The manner in which the prime minister, Narendra Modi has been handling the crisis it fails to enthuse, boost and strengthen the level of trust. He has been primarily concerned with his own image and even after the virus attained the character of pandemic he has been least bothered to evolve a mechanism to fight it. Like his good friend Trump he has been resorting to gimmicks. By now every one knows how he ruined the lives of crores of daily wage labourers and messed up the economy by announcing lockdown without taking other issues into consideration.

The scenario today is poor and labourers do not have cash. They immediately need cash. They are literally facing the threat of starvation. Survival has become a major challenge for them. He is not bothered of the livelihood of the crores of the labourers. What is worse they are being ostracised and are not welcome in their own villages. Notwithstanding the state governments caution to the police they are being hounded and are forced to live a wretched life.

They returned to their villages nursing the illusion that their lives would be protected and live a decent life. But this is not happening. They are starving and have turned beggars. The immediate task before government is remonetise the poor; put cash in their hands.

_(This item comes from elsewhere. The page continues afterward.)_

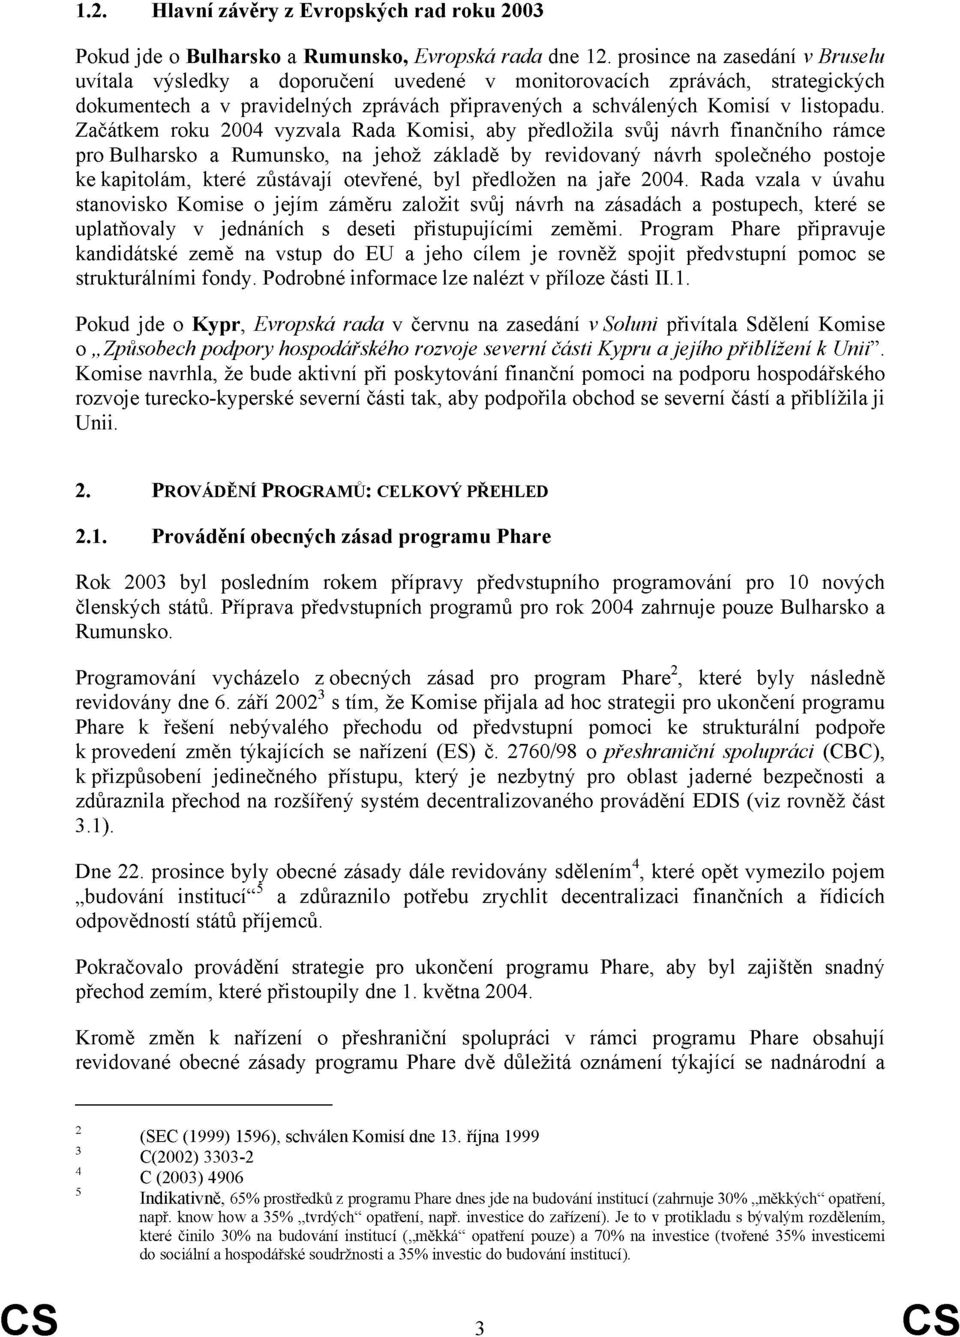 Začátkem roku 2004 vyzvala Rada Komisi, aby předložila svůj návrh finančního rámce pro Bulharsko a Rumunsko, na jehož základě by revidovaný návrh společného postoje ke kapitolám, které zůstávají

Surprisingly the Indian urban middle class, which has developed the art of screaming, has refrained from opening its mouth against the failure of Modi. It could not visualise the impending threat probably for the reason that its messiah has no clue of the hovering pandemic. Modi became conscious of the threat on March 14, coinciding with Trump’s initiative to check the spread of the disease.

There is no denying the fact that India is facing its biggest crisis in decades, with a three-week lockdown in a nation of 1.3 billion people likely to result in economic recession, millions of job losses and starvation among the poor. During the lockdown the worst sufferer was the poor and daily wage earner and in case of the extension of the lockdown the poor will have to bear the hardship.